B 1.8 By what process was this book written?
1.8 By what process was this book written?
This book is based on the direct experiencing of reality by members of The Implicate Technology Centre. It explains how a simple daily exercise, practised in the context of your ordinary, day-to-day life, and understood within a relevant framework, leads to a transformation in your level of awareness.
From the vantage point of this more developed consciousness, which is accessible to everyone regardless of individual life circumstances, the central validity of the old models of reality is apparent. That is to say, each describes reality in a valid and culturally different way. This book is simply a recasting of the ancient teachings in contemporary Western cultural terms.

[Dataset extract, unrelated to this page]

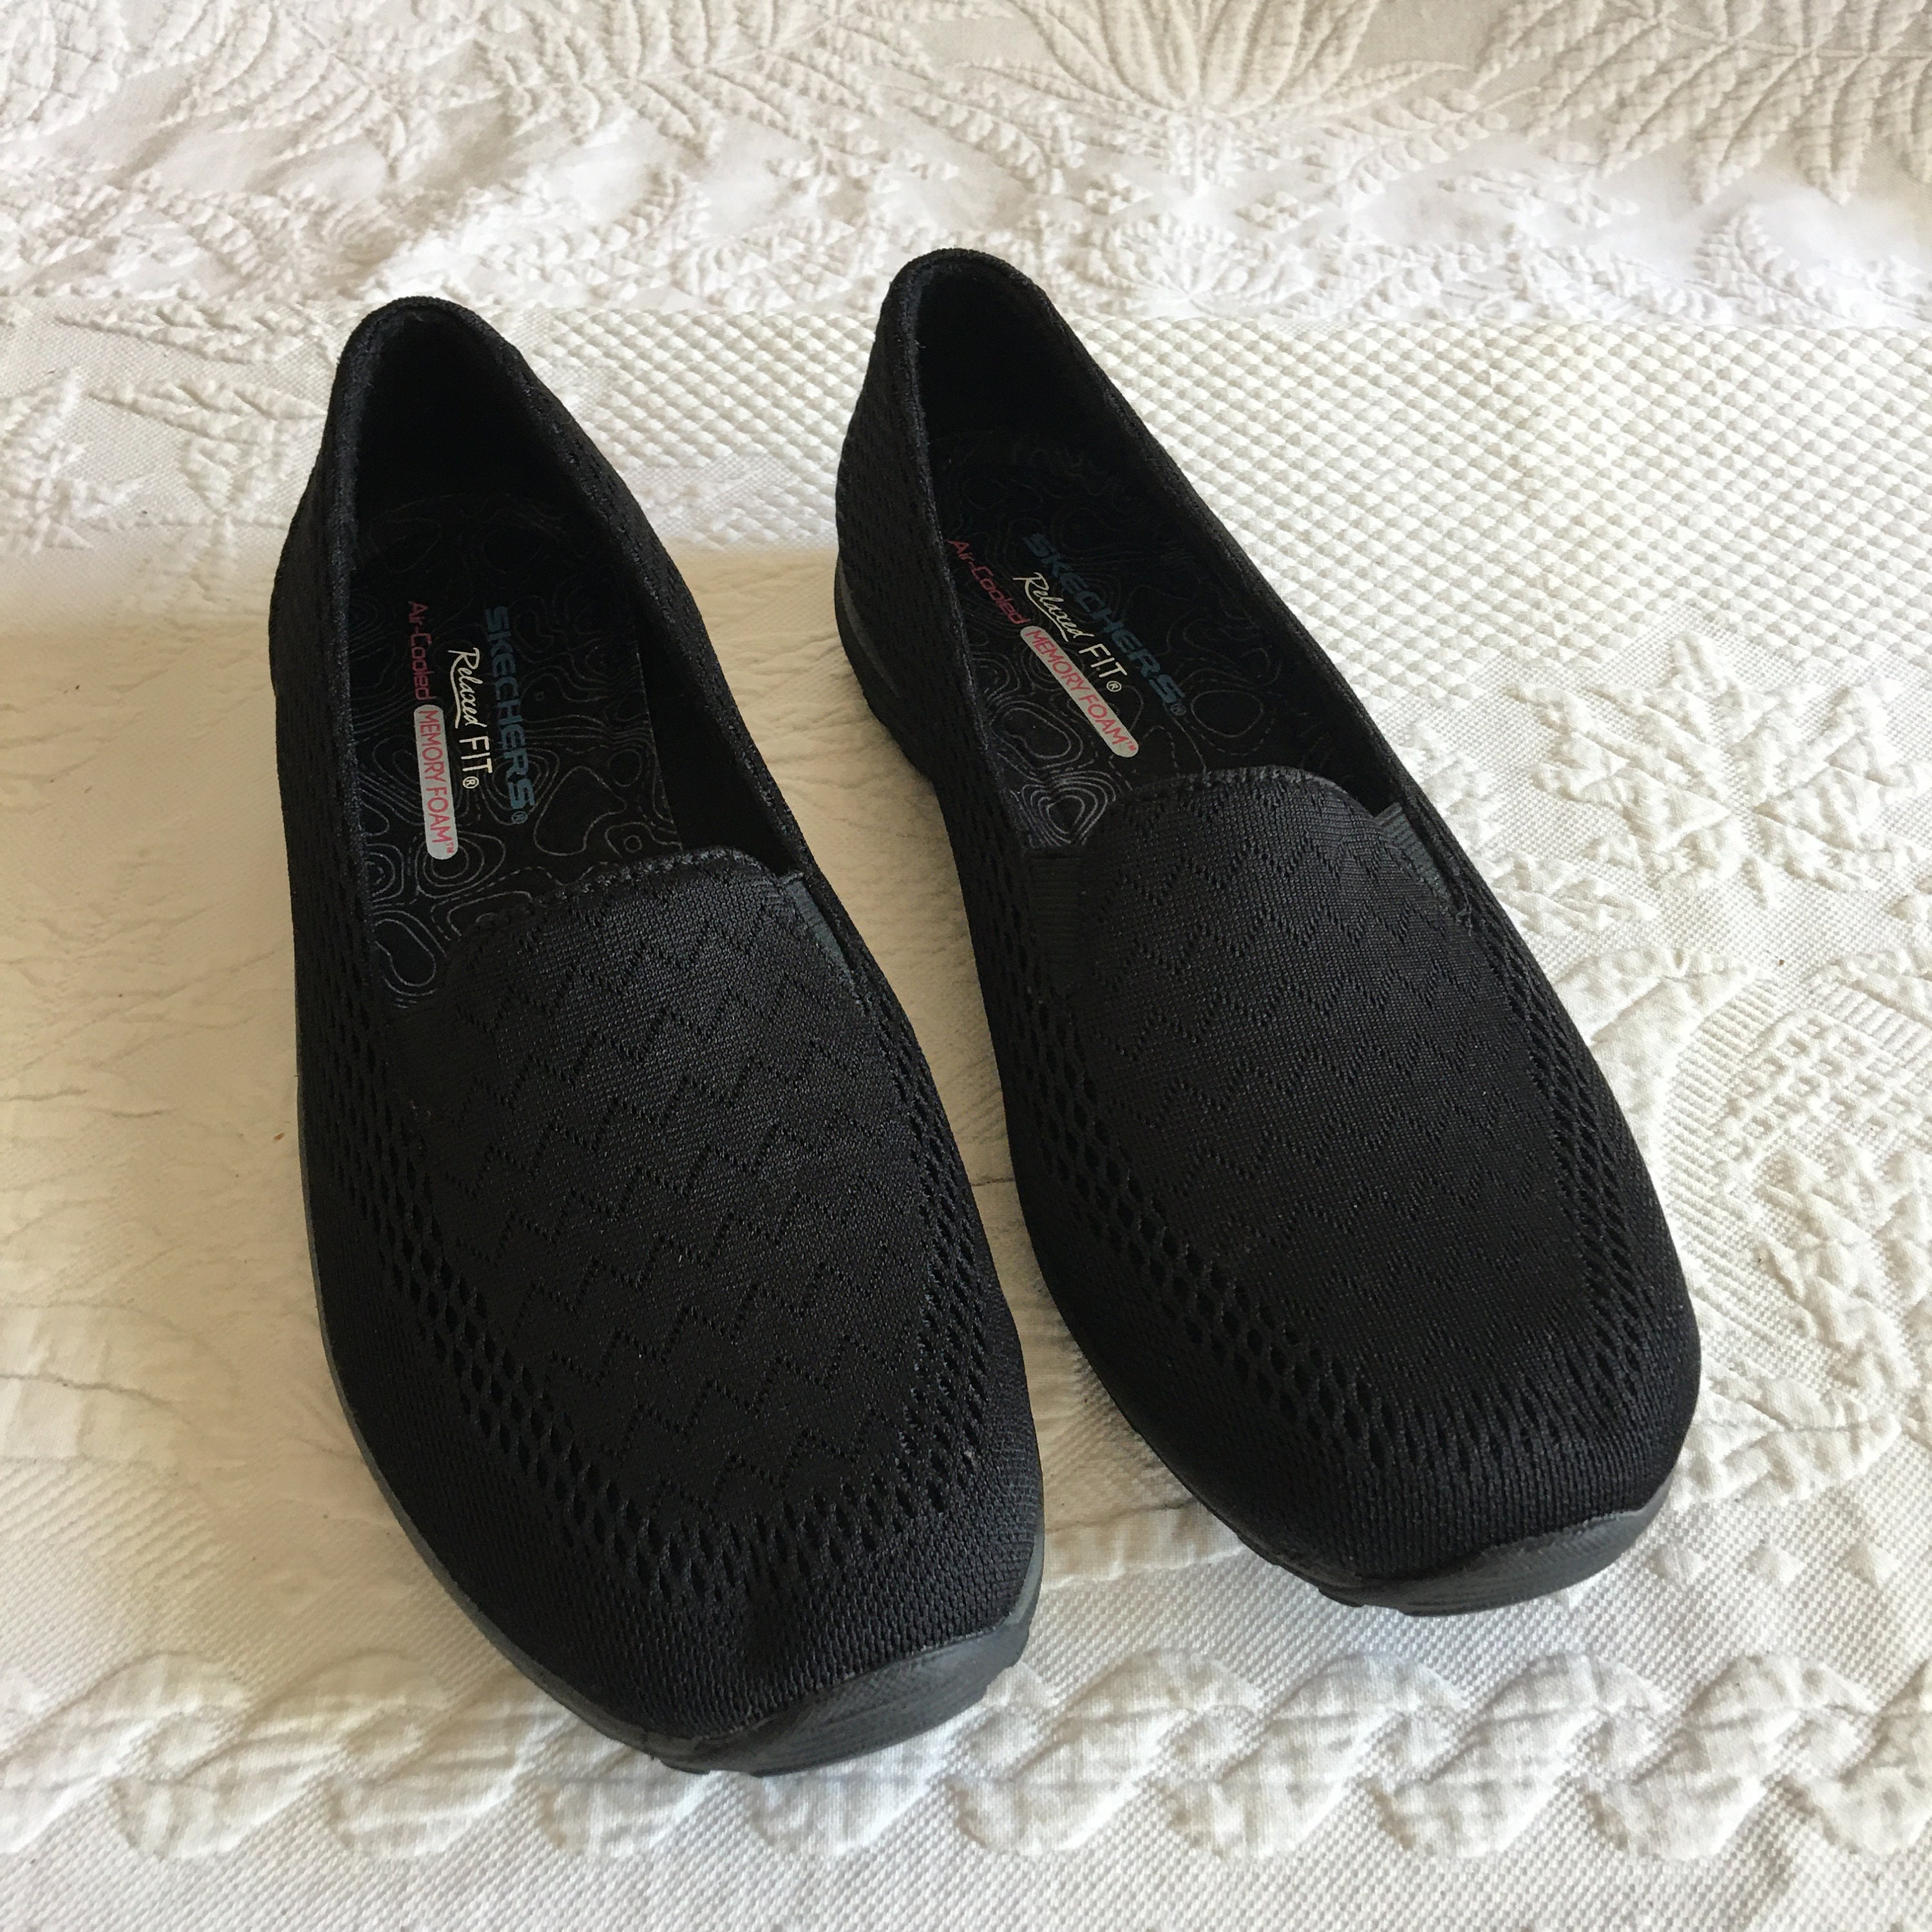 Skechers Memory Foam Light Blue Sandals wedge size 7.5 lace | eBay

This book is not a new translation of books of other cultures. It is a recasting of the experience those works teach about into the ordinary language and concepts we use in the West. For those who are interested in such things, chapters 2 and 5 are based on the Chinese Taoist book, The Secret of the Golden Flower. Chapters 3, 4, 6 and 7 are a recasting, through the filter of experience, of the discussion on the Sidpa Bardo in the Tibetan Buddhist book, The Tibetan Book of the Dead. Chapter 1 is a recasting of the key message of Gautama the Buddha and many other teachers: this life leads us only to suffering unless we find a way to rise above it. Chapter 8 discusses the difficulties of having such experiences in a culture ignorant of such processes.
As an illustration of this process of recasting, consider carefully the following example:
The Secret of the Golden Flower begins with the key to the process of attaining enlightenment: “The secret of the magic of life consists in using action in order to attain non-action.”(Wilhelm and Jung, The Secret of the Golden Flower; London, Routledge & Kegan Paul Ltd. 1965, page 21).It elaborates this point: “The Master is further concerned that people should not miss the way that leads from conscious action to unconscious non-action. Therefore he says, the magic of the Elixir of Life makes use of conscious action in order that unconscious non-action may be attained”(Ibid, page 24). The text goes on to say that conscious action consists in the process and product of meditation.
The final chapter underlines the significance of this. “The most important things in the great Tao are the words: action through non-action. Non-action prevents a man from becoming entangled in form and image (materiality). Action in non-action prevents a man from sinking into numbing emptiness and dead nothingness”(Ibid, pages 53 – 54).
What does all this mean? Clearly, to the authors of the book, it is a matter of profound significance. Many in the West are drawn to understand the meaning of this; yet we do not have an understanding of the context within which Chinese culture produced such a discipline for living.
To establish this context, we must become aware of the differences in the technologies developed by East and West. Here in the West, we have well-developed explicate technologies; that is to say, we have developed technologies to deal with material reality; these are far beyond the explicate technologies developed in the East and the West’s products are eagerly sought in the East. Because of our advanced material technologies we consider ourselves the more developed culture, we acknowledge a responsibility to help the materially poorer cultures to raise their living standards.
Just as the West has turned its best minds to technologies which help us to understand and harness the power of material reality, so too has the East turned its best minds to the development of technologies which help in understanding and harnessing the power of non-material reality. Throughout the East there are many highly advanced technologies available. In contrast to the path we in the West took, these are implicate technologies; that is to say, technologies that deal with non-material reality. The products of these technologies are eagerly sought by many in the West: for years now, there has been growing interest in implicate technology products such as the martial arts, the various systems of Yoga and Zen and other Buddhist disciplines.
It is within this context that we can begin to understand what is meant by “action through non-action”. It is the product of Chinese Taoist implicate technology. Its function is to direct the consciousness of any person towards understanding how to deal with the experiences which comprise ordinary life so as to obtain the greatest fulfilment from that life.
All this can be understood by an ordinary intelligent person, but it does not yet explain what the words of the above-quoted phrase mean. We can only understand their meaning through practice in using a comparable product of Western implicate technology; such a product cannot be grasped or measured with the intellect alone. Only by incorporating such a product into one’s day-to-day life can its benefits be realised. This, then, is the key to gaining fulfilment in life, expressed in Western cultural terms.
Act according to your intuition.
Don’t interfere.
Just let things happen.
A fuller discussion on how to apply this product of Western implicate technology will be found in chapter 3.